Even on a well-conditioned, little-used network, a client machine that has a significantly faster CPU than its server may perform worse under the stress of spray than the same two machines with the client and server roles reversed. With increased CPU speed comes increased packet handling speed, so a faster machine can transmit packets quickly enough to outpace a slower server. If the disparity between client and server is great, then the client is forced to retransmit requests and the server is additionally burdened with the duplicate requests. Use spray to exercise combinations of client and server with varying packet sizes to identify cases in which a client may race ahead of its server.
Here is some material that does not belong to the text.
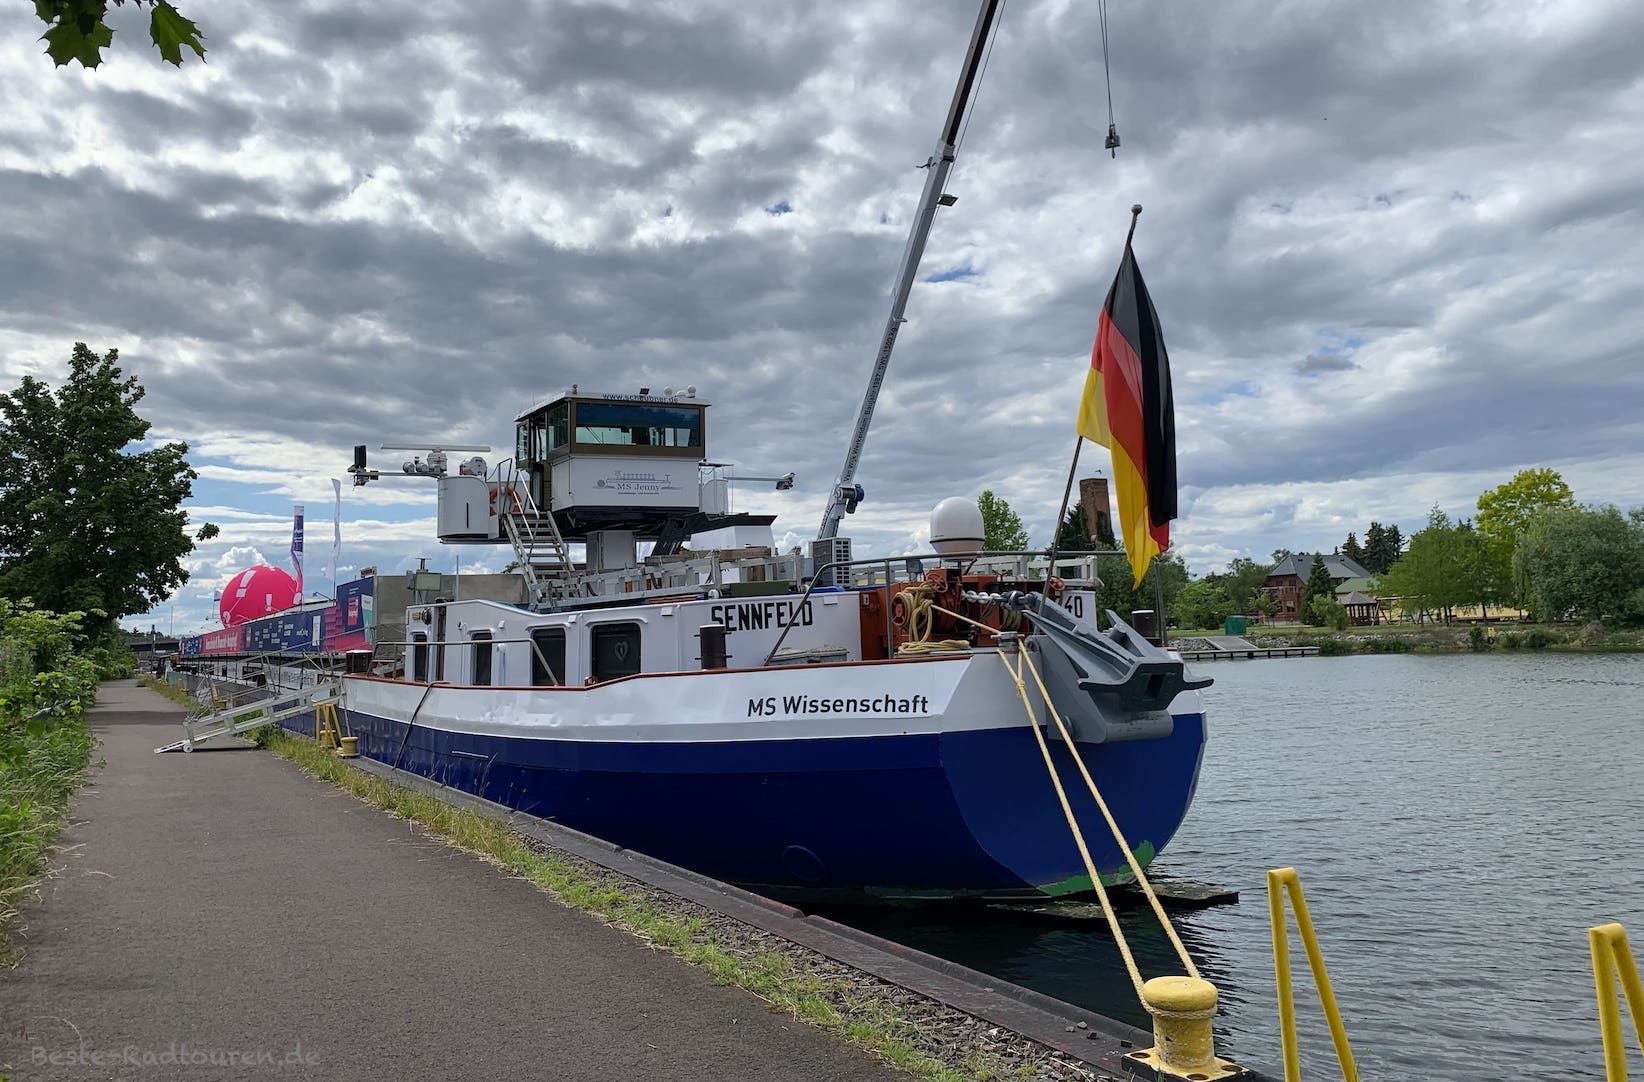 Schiff am Elbe-Havel-Kanal in Genthin: MS Wissenschaft

When a fast NFS client is teamed with a slower server, the NFS mount parameters require tuning as described in Section 18.1, "Slow server compensation".
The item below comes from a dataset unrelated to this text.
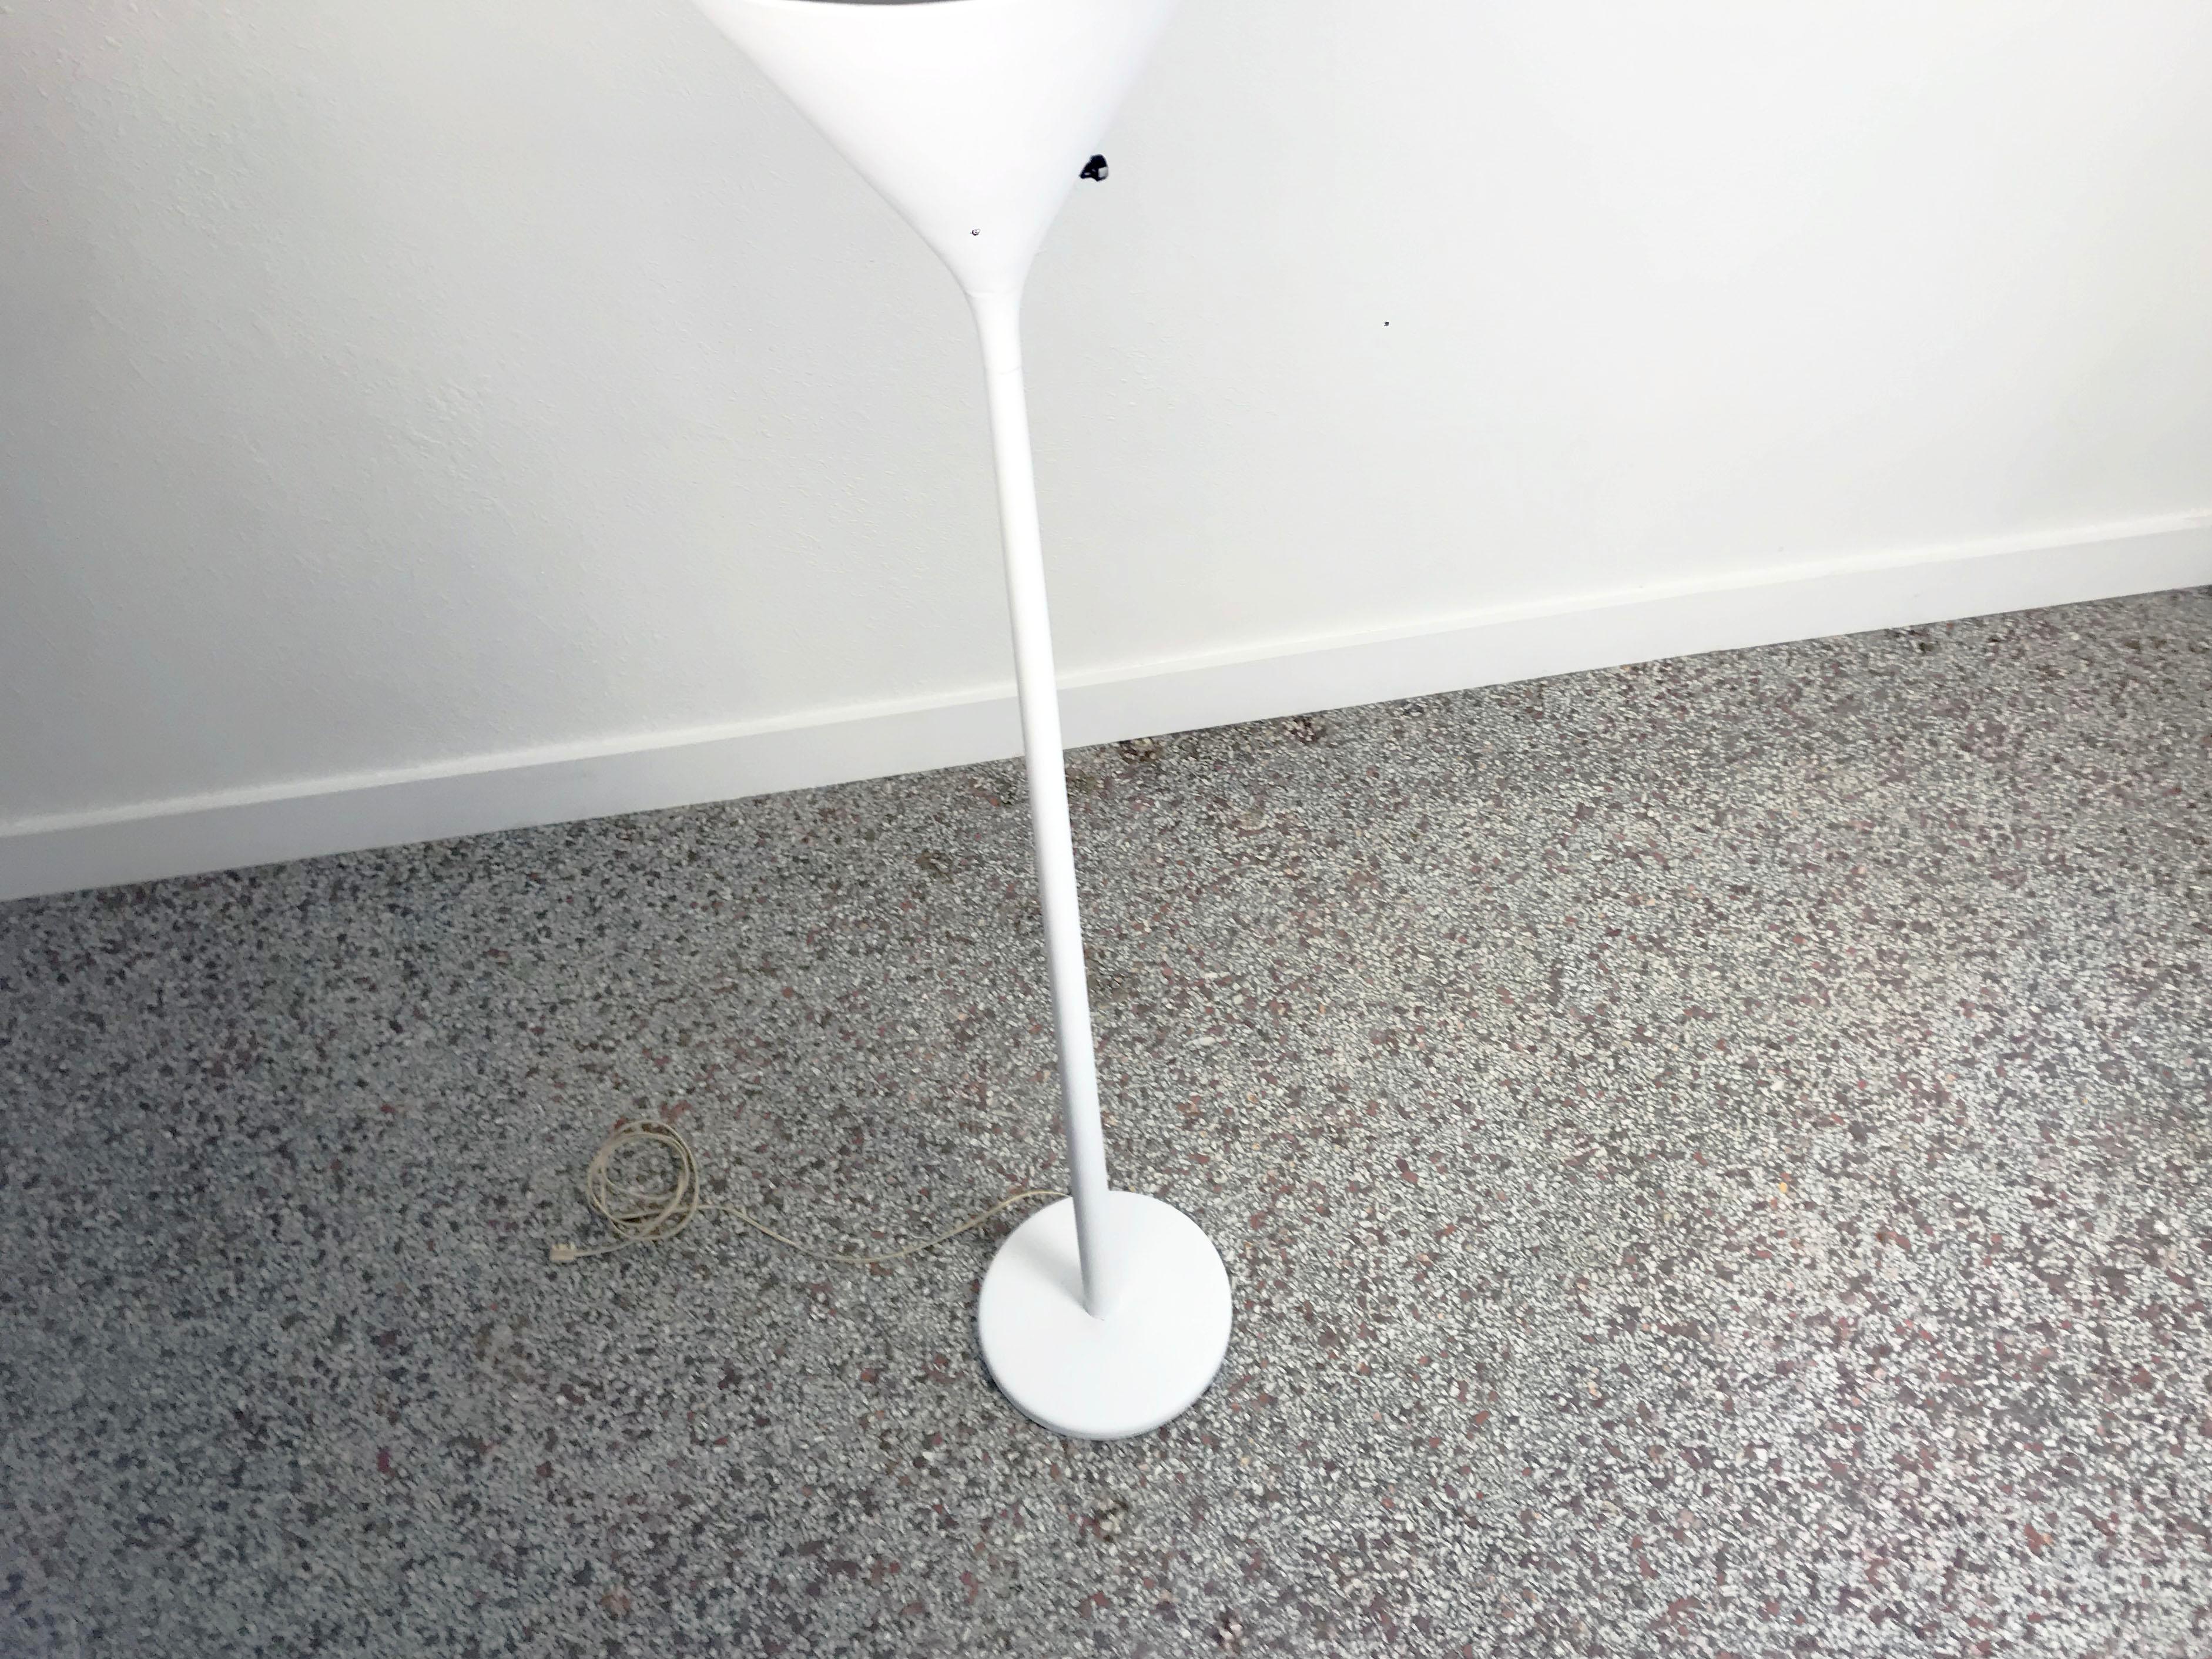 Von der Lancken & Lundquist Floor Lamp for Nessen Studios 2

Send various sized packets to an NFS server to see how it handles "large" and "small" NFS requests. Disk write operations are "large," usually filling several full-size IP packets. Other operations, such as getting the attributes of a file, fit into a packet of 150 bytes or less. Small packets are more easily handled by all hosts, since there is less data to move around, but NFS servers may be subject to bursts of large packets during intense periods of client write operations. If no explicit arguments are given, spray sends 1162 packets of 86 bytes. In most implementations of spray, if either a packet count or packet length are given, the other argument is chosen so that 100 kbytes of data are transferred between client and server. Try using spray with packet sizes of 1500 bytes to judge how well an NFS server or the network handle write requests.

Normally, no delay is inserted between packets sent by spray, although the -d option may be used to specify a delay in microseconds. Insert delays between the packets to simulate realistic packet arrival rates, under "normal" conditions. Client requests may be separated by several tens of microseconds, so including a delay between packets may give you a more accurate picture of packet handling rates.
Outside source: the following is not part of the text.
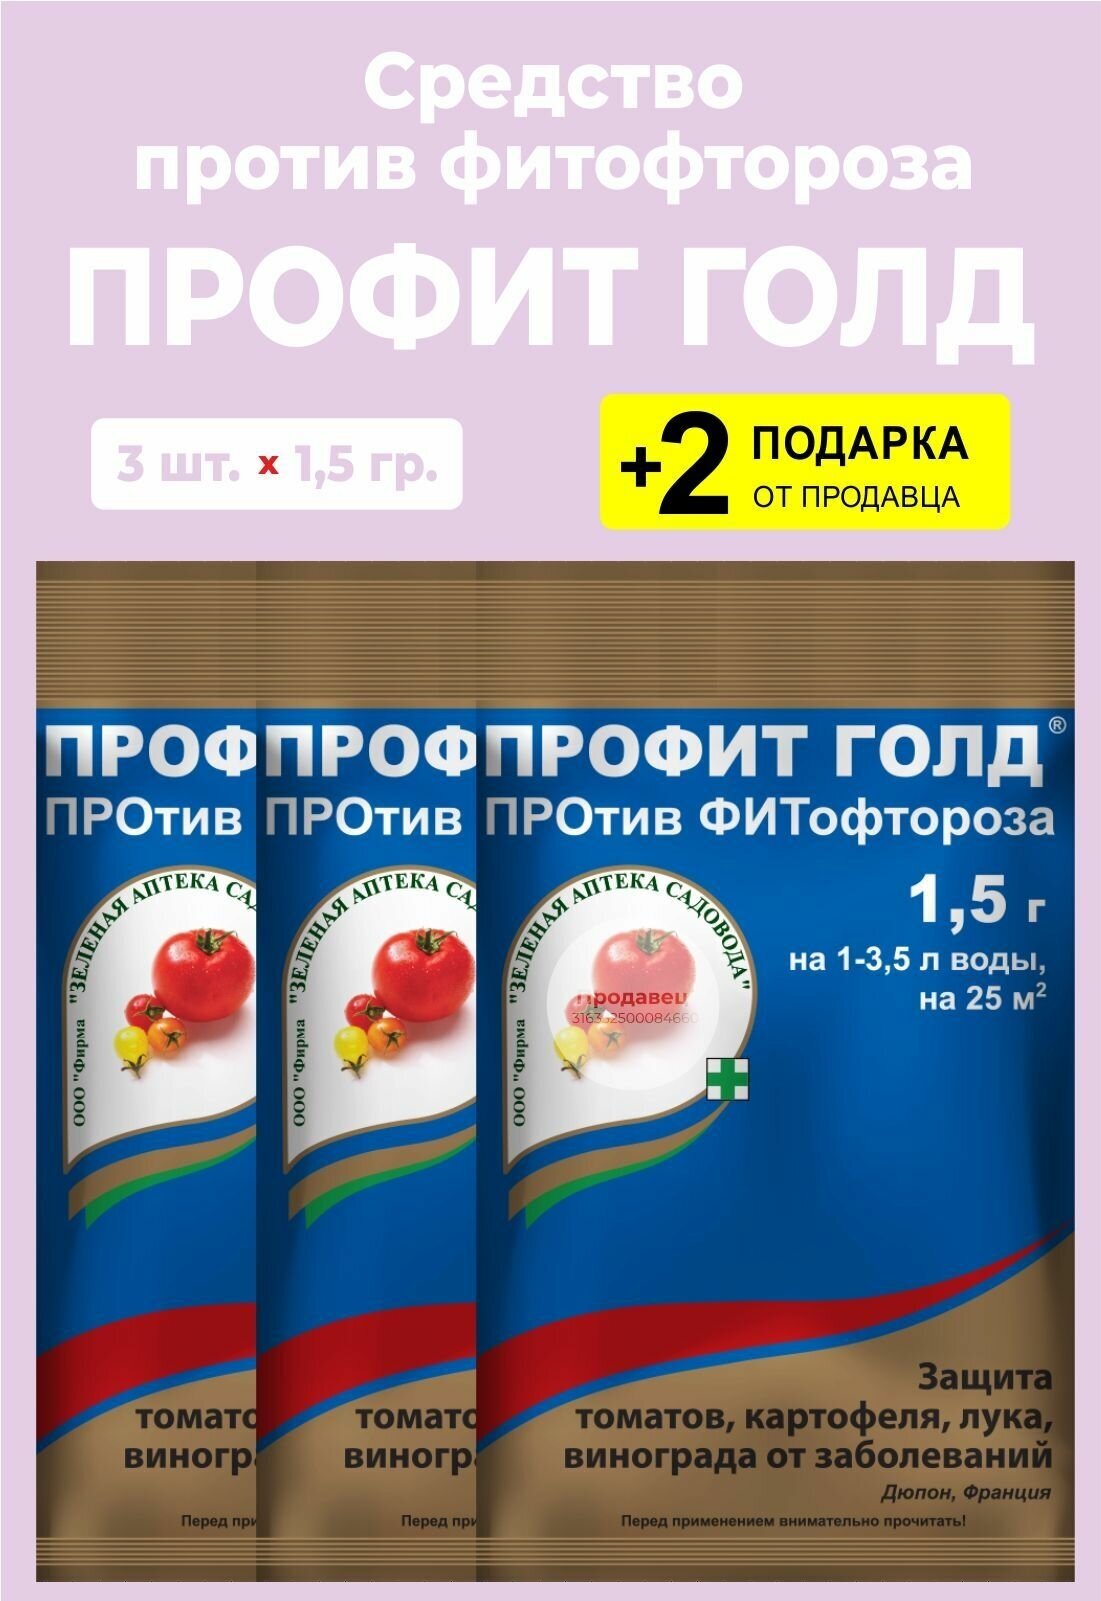 Средство "Профит Голд" от фитофтороза, 1,5 гр., 3 упаковки + 2 Подарка

In Figure 13-1, baxter and arches are identical machines and acadia is a faster machine with a faster network interface. spray produces the following output:

Fast machine to slow machine: 
[acadia]% spray baxter -c 100 -l 1160 
sending 100 packets of length 1162 to baxter ... 
        39 packets (39.000%) dropped by baxter 
        520 packets/sec, 605037 bytes/sec 
 
Fast machine to slow machine, with delay: 
[acadia]% spray baxter -c 100 -l 1160 -d 1 
sending 100 packets of length 1162 to baxter ... 
        no packets dropped by baxter 
        99 packets/sec, 115680 bytes/sec 
 
Slow machine to fast machine: 
[baxter]% spray acadia -c 100 -l 1160 
sending 100 packets of length 1162 to acadia ... 
        no packets dropped by acadia 
        769 packets/sec, 893846 bytes/sec 
 
Slow machine to identical machine: 
[baxter]% spray arches -c 100 -l 1160 
sending 100 packets of length 1162 to arches ... 
        no packets dropped by arches 
        769 packets/sec, 893846 bytes/sec

Figure 13-1. Testing relative packet handling rates

When the fast machine sprays the slower one, a significant number of packets are dropped; but adding a one-microsecond delay between the packets allows the slow machine to keep pace and receive all incident packets. The slow machine to fast machine test produces the same packet handling rate as the slow machine showering an identical peer; if the slow machine sprays the fast one, the network bandwidth used is more than 30% greater than when the fast machine hammers the slow one. Note that you couldn't get NFS to insert delays like this, but performing the test with delays may indicate the location of a bottleneck. Knowing your constraints, you can change other configuration parameters, such as NFS client behavior, to avoid the bottleneck. We'll look at these tuning procedures more in Chapter 18, "Client-Side Performance Tuning".

The four tools discussed to this point -- ifconfig, arp, ping, and spray -- focus on the issues of packet addressing and routing. If they indicate a problem, all network services, such as telnet and rlogin, will be affected. We now move up through the network and transport layers in the network protocol stack, leaving the MAC and IP layers for the session and application layers.